In last week’s New Yorker Adam Gopnik wrote and incredibly wide-ranging and ultimately soothing article that, crudely, goes something like this: Don’t worry if these hard times haven’t stimulated your imagination. Necessity is not the mother of invention; leisure is. In fatter times we have the excess energy and resources to sit around inventing. In lean times, it’s enough just to get by.

It’s a win-win situation as he sets it up. The expectations for our salad days are lessened (comforting for those of us disappointed that all that paucity failed to produce the requisite bursts of genius), and the fear of lethargy in our more abundant middle age dispelled. Personally, it works out beautifully. When Gopnik veers scientifically, things get shaky.

Among a handful of evolutionary biologists, Gopnik sites Joan Roughgarden’s new book, The Genial Gene, as his musings turn scientific. He mentions in passing Roughgarden’s main thesis that some sexual selection is social, not selfish; mates don’t necessarily prefer the most exotic looking lover, but eye-catching traits may make an animal well respected among a clique of peers, and mates do like their partners to have friends. But he doesn’t make much of it, dismissing it as a kind of west coast communalism. It’s just a step on the way to one the other findings in Roughgarden’s book: that beautiful and outlandish traits in animals may not have evolved from homeliness, as commonly thought. Quite the opposite, some animals, like peacocks and peahens, have evolved to be more drab. Or, more specifically, the peahens have become drabber, a trait that seems to serve them as camouflage from predators when they are in the tough times of raising their young. Bright feathers might win friends when times are good, but when survival is on the line basic colorlessness is the best way to stay alive.

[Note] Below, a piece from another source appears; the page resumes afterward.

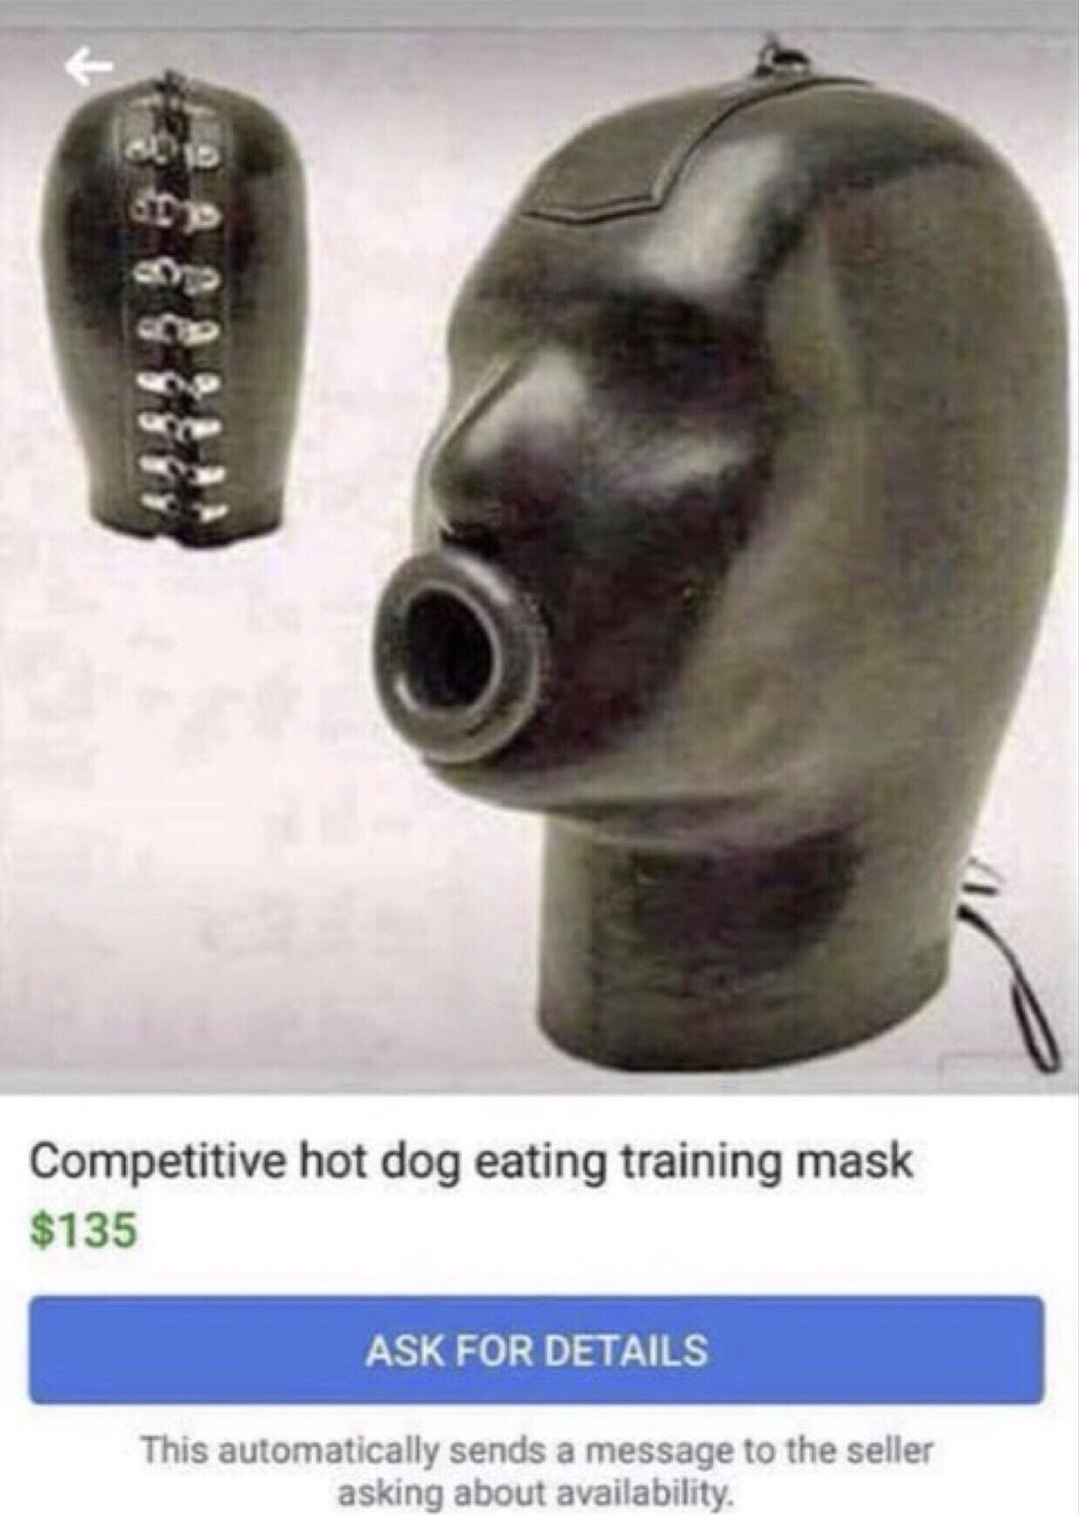 memes - hot dog competition mask - U Competitive hot dog eating training mask $135 Ask For Details This automatically sends a message to the seller asking about availability.
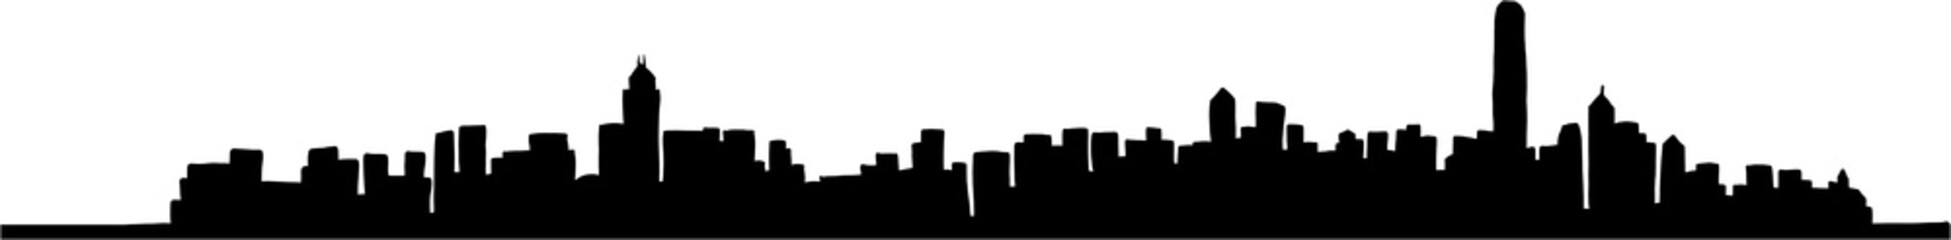 modern cityscape skyline silhouette doodle drawing

Gopnik uses this, a little snidely, to support his idea that hard times bring out the drab in us. They are the times we should, naturally, get back to basics. The leap he makes here is a funny one. He assumes what is true for the genome is true for the imagination. If feathers get drabber in hard times, so must ideas. This goes far beyond the mind/body connections, all the way to the mind/bird connection. It’s an especially risky leap of logic since Roughgarden herself states that evolutionary biology does not now, and may never, explain human behavior (for a great synopsis of her position, scroll down a bit to the podcast interview with her). Just because the peacocks are doing it, doesn’t mean we have to follow.

Professor Roughgarden has a great quote in the interview about scientific theories: “The logic is sound, but that doesn’t mean that it’s true.” What’s true, scientifically, is the world as it is, not as we imagine it to be, no matter how soothing or logical our imaginings. Gopnik’s piece, however, underscored another kind of truth: that which feels true. Perhaps we don’t need evolutionary biology just yet to explain our complicated human motivations. Perhaps ornately imagined writing, streams of consciousness, free association, and the poetry of a rambling New Yorker article are perfectly good modes of exploring ourselves, in good times or bad.